▸ DIRECTIONS: The answer must be only the lines below from the one holding "Spare room with" down to the one holding "banner_matricula_viva", ends included, printed exactly; please omit all pictures.

▸ TASK MATERIAL:
§ §

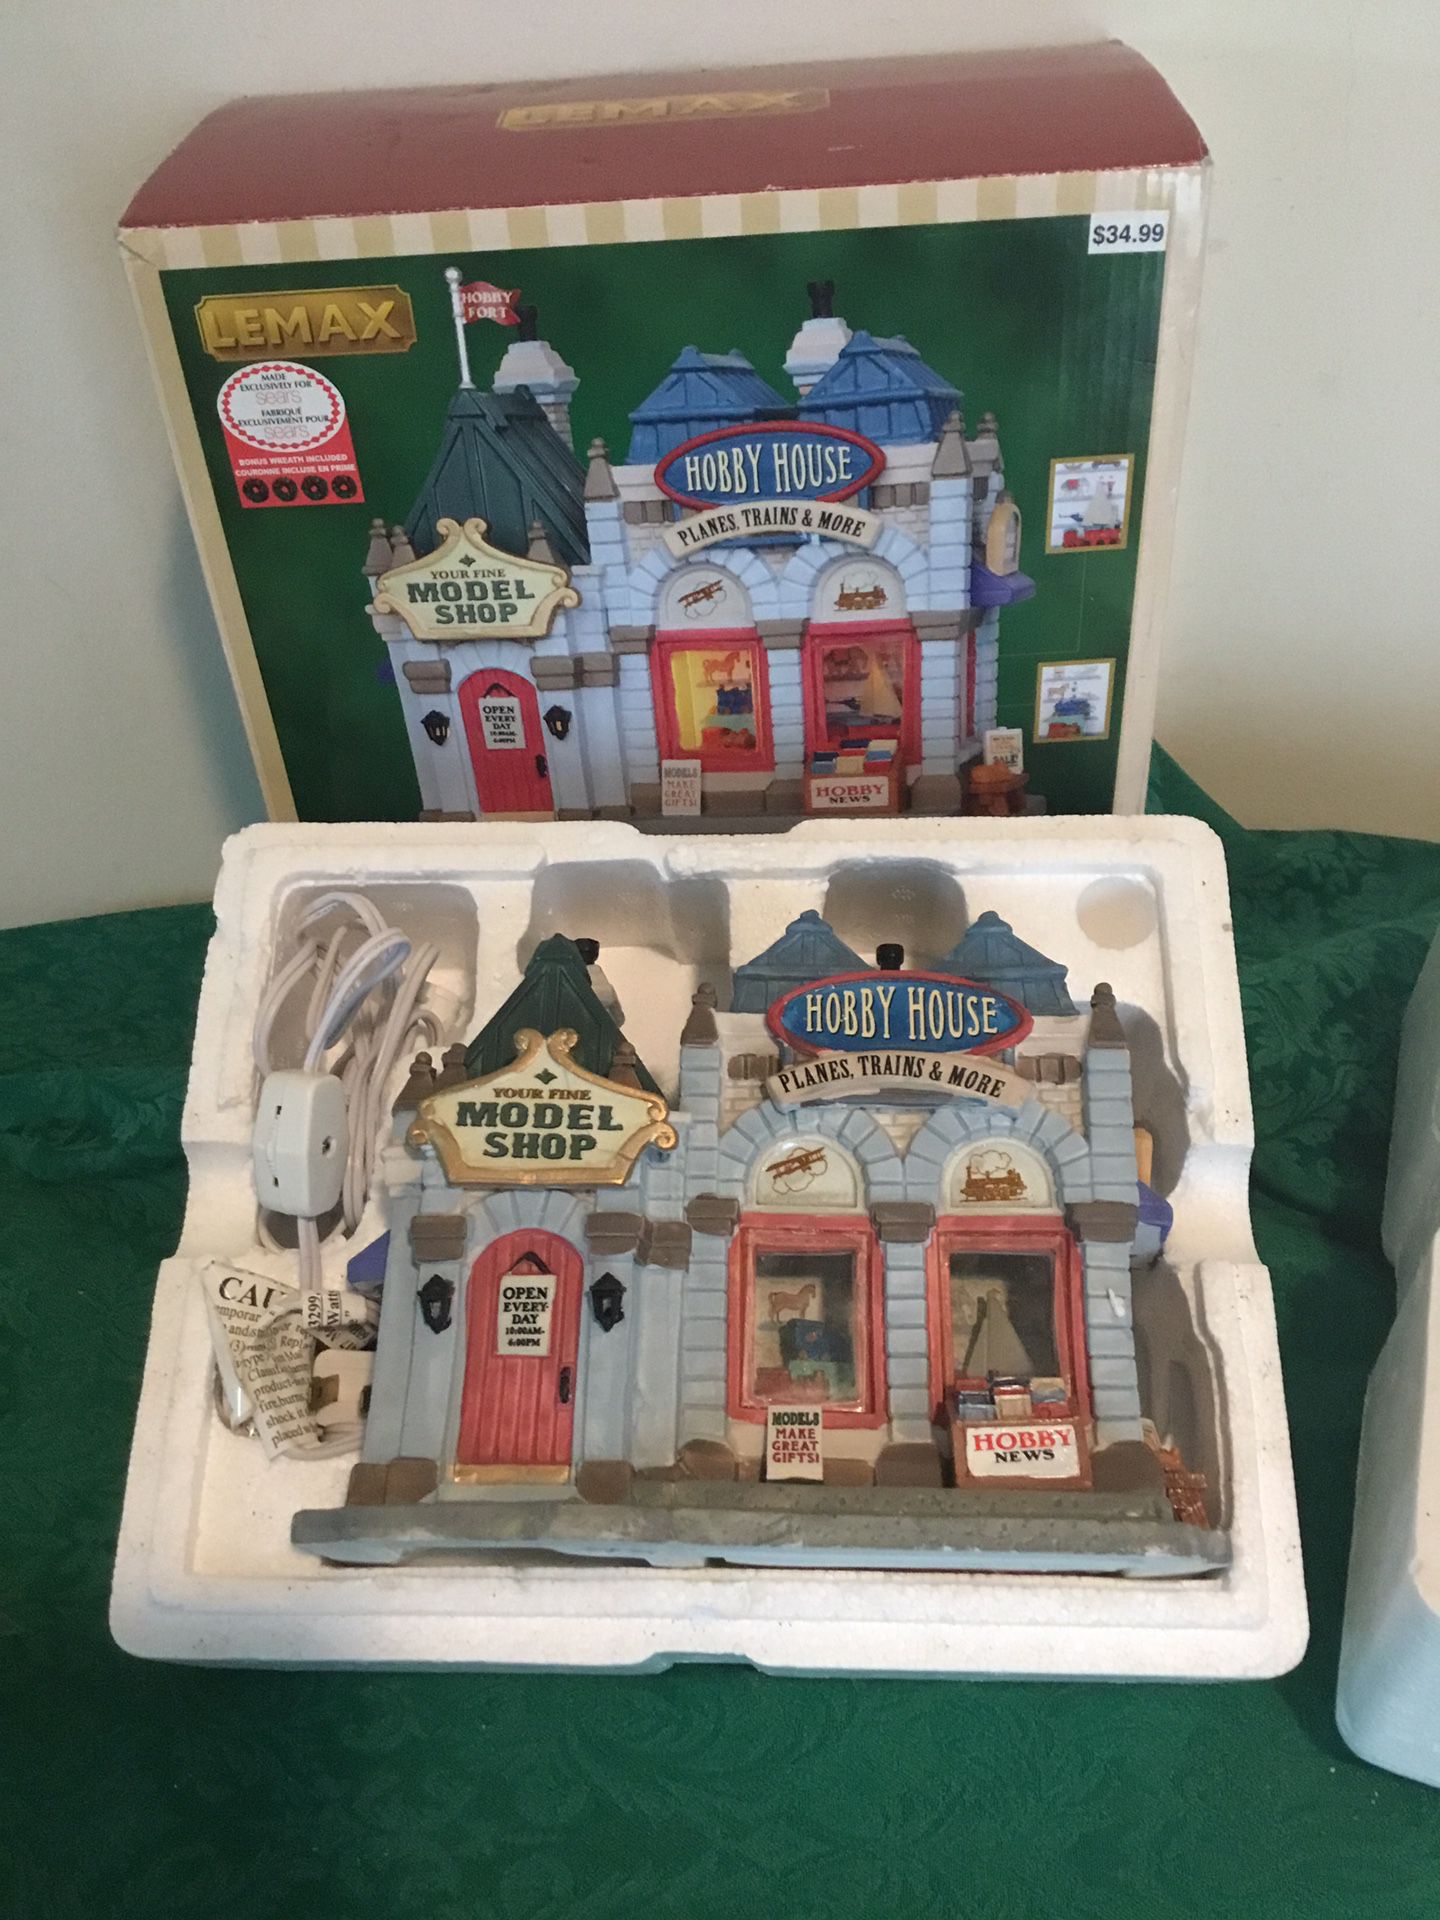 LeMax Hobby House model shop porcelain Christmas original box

§ §

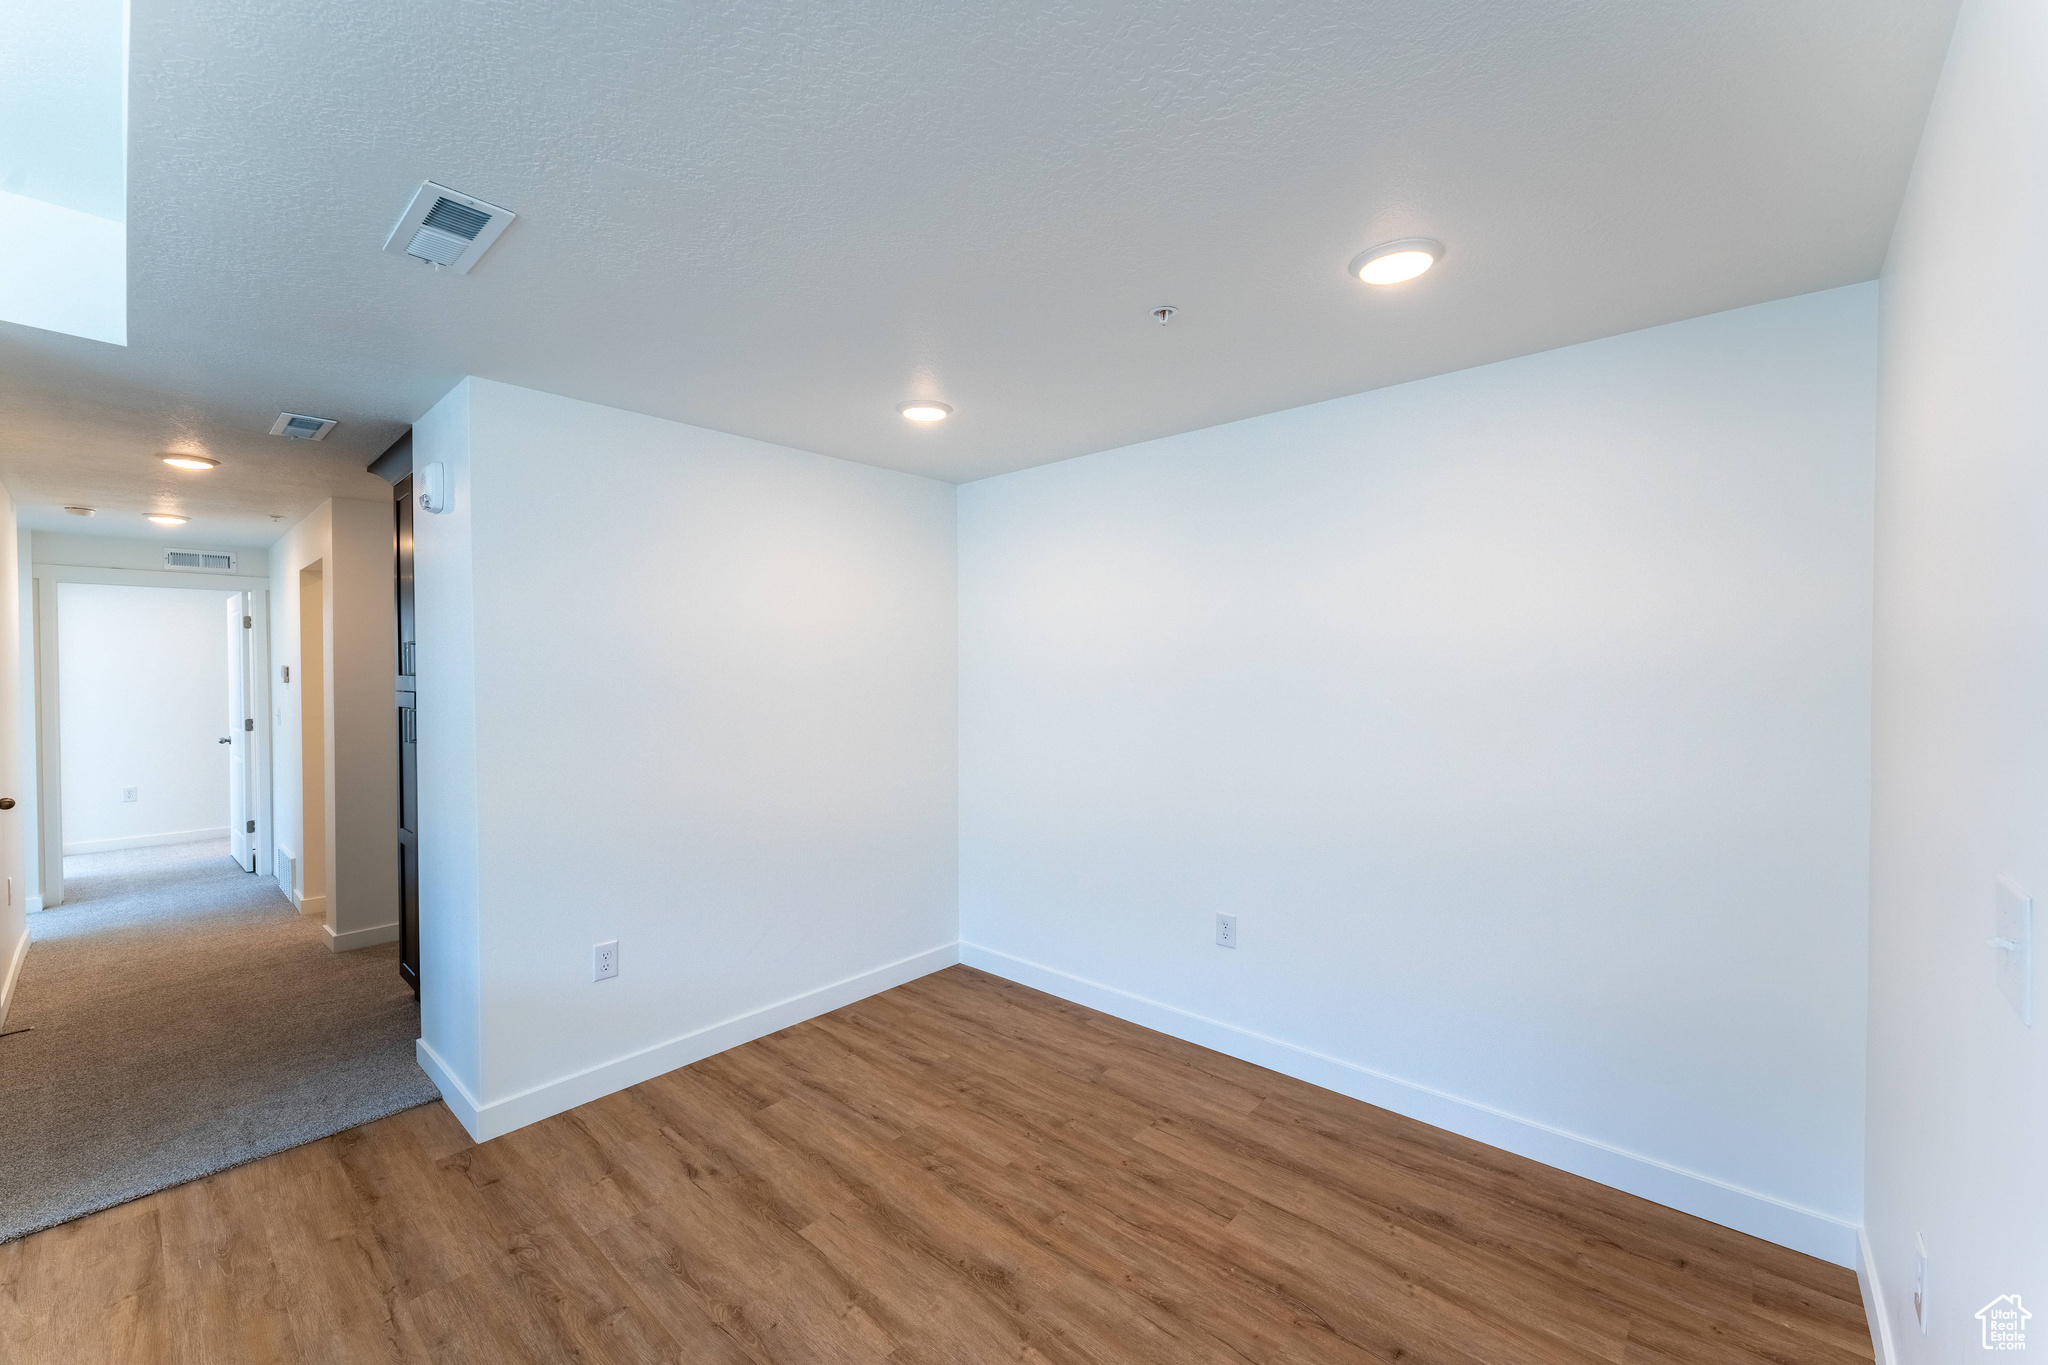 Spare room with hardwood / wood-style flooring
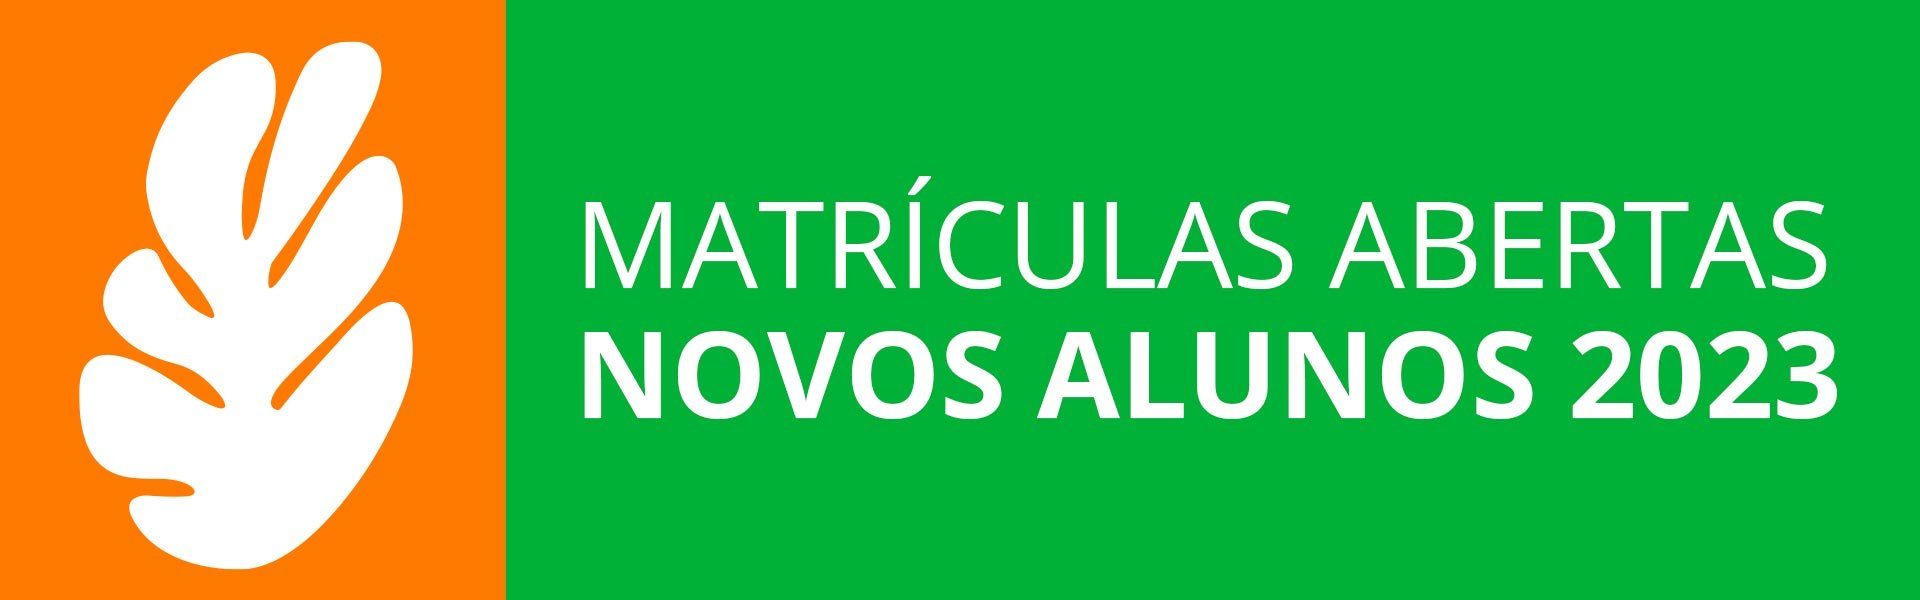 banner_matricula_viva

§ §

▸ COMPLETED TASK:
 Spare room with hardwood / wood-style flooring
 banner_matricula_viva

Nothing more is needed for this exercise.